Maintenance It's usually the great forgotten one. WordPress needs updates, monitoring, backups, and compatibility checks. If this isn't done, problems arise just when the website already depends on traffic, forms, or customer acquisition. For a company that wants stability, paying for maintenance isn't a capricious extra; it's a business continuity measure.

It's also worth considering the commercial cost of the content. If the website is published with generic texts, unprofessional photos, or messages that don't clearly explain the value proposition, the problem won't be technical, but one of conversion.

When a cheap WordPress website becomes expensive

There are very low-priced offers on the market. And yes, some can work for very simple projects. The problem arises when a company expects commercial results from a website that was built just to get it done.

A website that's too cheap usually fails in one of these areas: unpolished design, poor mobile structure, slow loading times, improperly installed plugins, weak security, no SEO preparation, or weak sales messaging. It seems like savings at first. Then come the redesigns, the patches, and the feeling of having paid twice.

For a business that wants to sell, capture leads, or strengthen its positioning, the price must be evaluated against the opportunity cost. If your current website doesn't generate trust, doesn't appear in relevant searches, or doesn't convert visits into opportunities, the problem isn't just aesthetic. It's a growth inhibitor.

How to assess if a budget makes sense

The useful question isn't whether a website costs $900, $2,000, or $5,000. The useful question is what it's going to solve. If your company needs a basic presence, there's no need to over-engineer the project. But if you expect the website to help generate leads, support campaigns, qualify prospects, or integrate automations, you need a different level of approach.

Before accepting a proposal, it's advisable to review what deliverables it includes, how many revisions it contemplates, if there will be real mobile adaptation, if speed is worked on, if it is configured Basic Technical SEO And what support will you receive after publishing. It is also reasonable to ask for clarity on timelines, responsibilities, and scope, to avoid attractive quotes that are later filled with extras.

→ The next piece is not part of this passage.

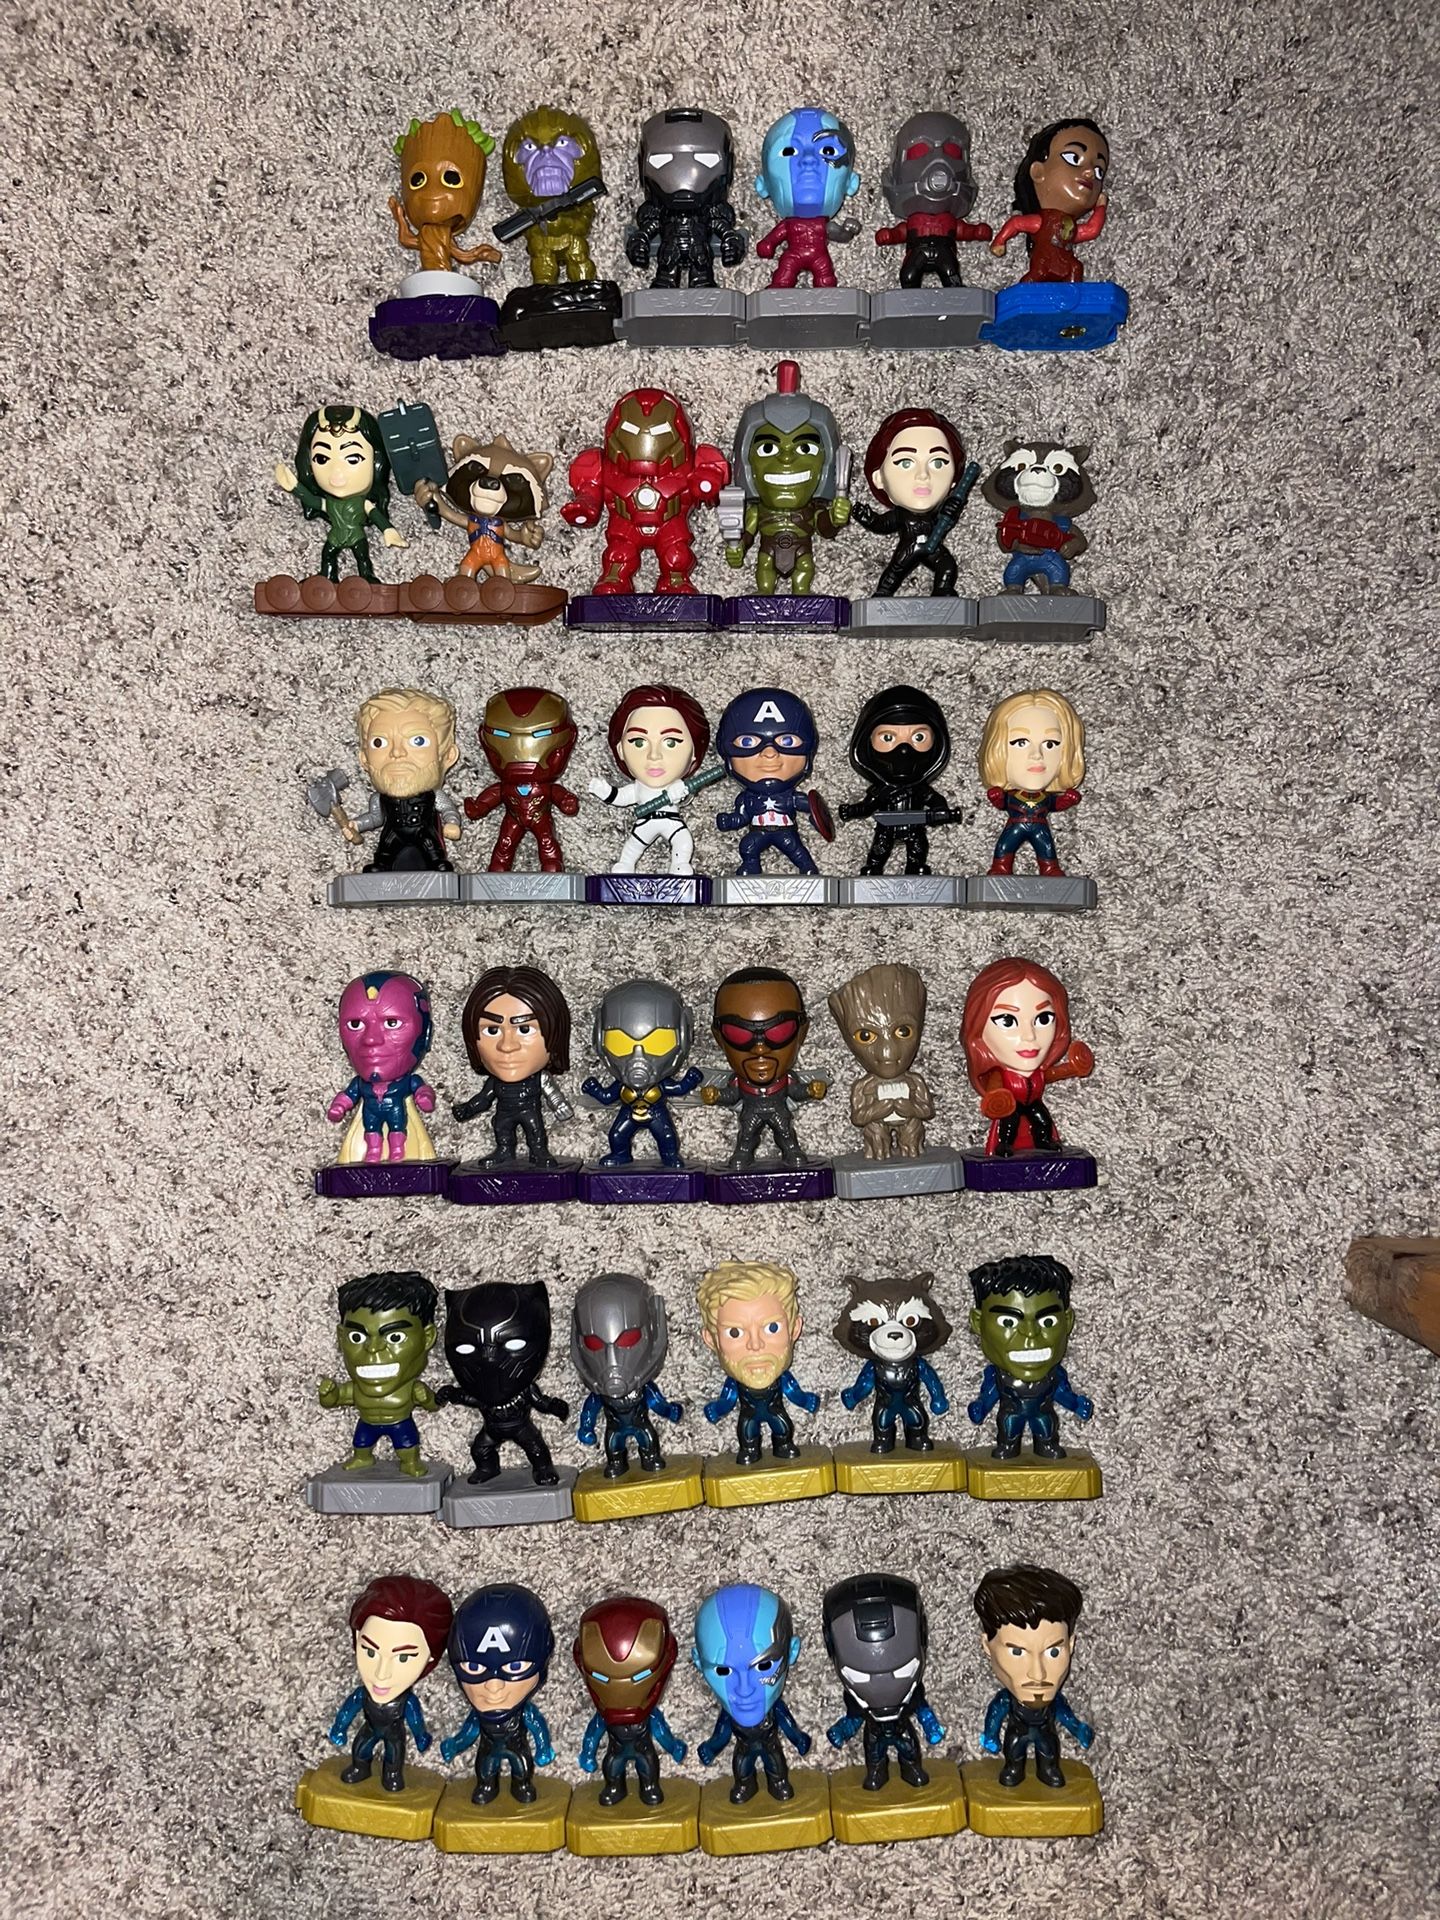 McDonald’s Marvel Avengers Endgame Figure Toys Complete Set With Extras Iron Man Captain America Thor Hulk Black Widow Spider-Man

In agencies with a holistic approach, like CLICK Digital, this point is usually addressed better because the website isn't seen as an isolated piece, but rather as part of the digital business system. That changes the conversation: it's no longer just about design, but about acquisition, conversion, visibility, and scalability.

How much to invest according to your business objective

If you're just starting out and only need a serious presence to validate your brand, a contained investment may be enough. If you already have traffic, run campaigns, or rely on the web to close opportunities, it's worth stepping up and considering a tool that supports sales.

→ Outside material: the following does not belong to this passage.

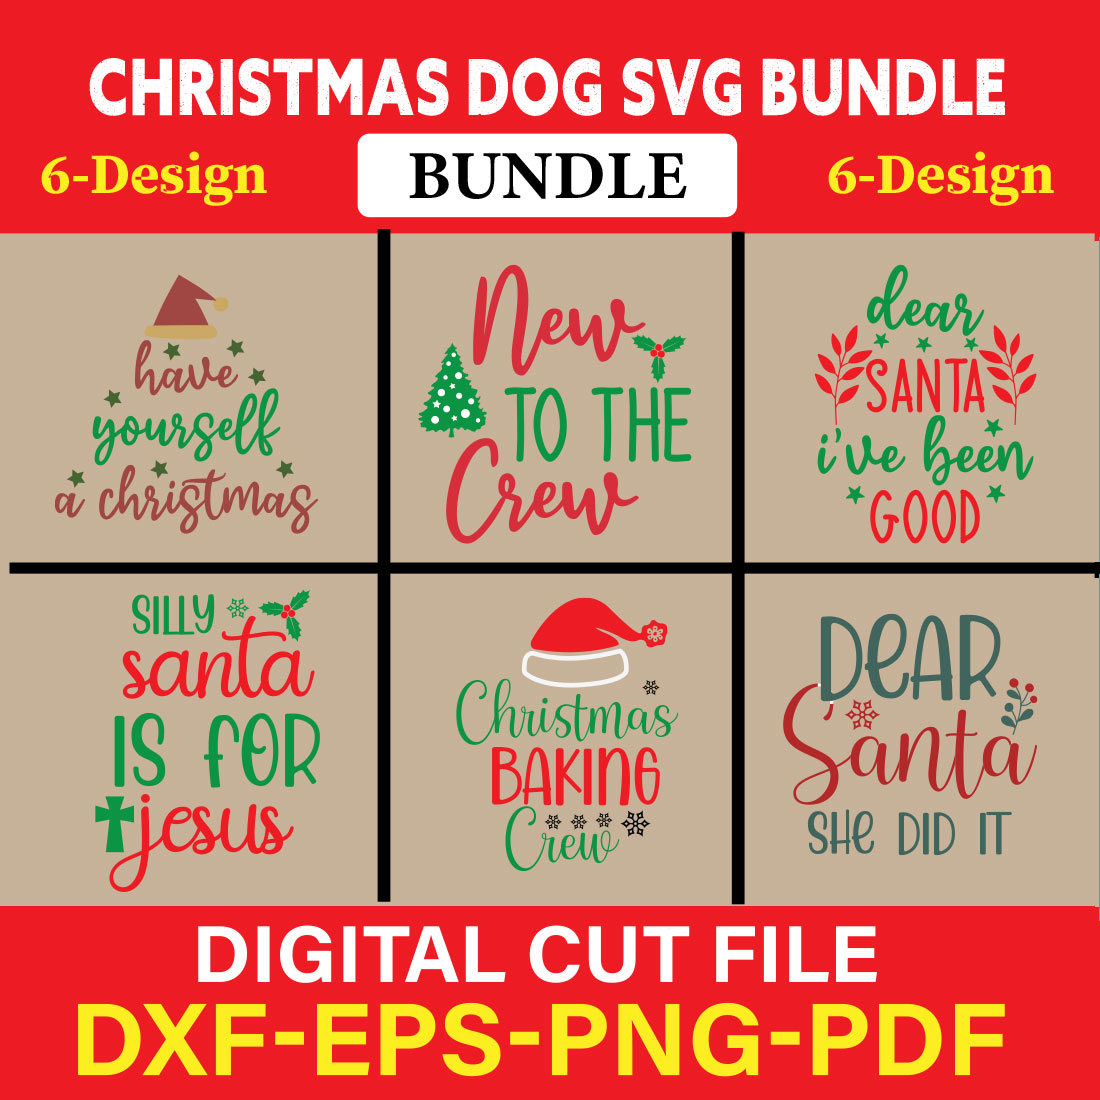 Christmas SVG Bundle / Funny Christmas SVG / Cut File vol-28 cover image.

For local businesses, professionals, clinics, offices, real estate agencies, or service companies, a well-designed WordPress website usually offers a very solid cost-benefit ratio. For e-commerce or projects with commercial automation, the budget should be measured against operational savings and revenue potential.

The cheapest proposal doesn't always win, nor does the most expensive. The one that understands what your company needs today and what growth margin you want to sustain tomorrow wins.

The best investment isn't the most complex website, but rather one that aligns with your stage, your market, and your business objectives. If the project is well-planned from the start, WordPress can become a very profitable foundation for growth with order, visibility, and more sales opportunities.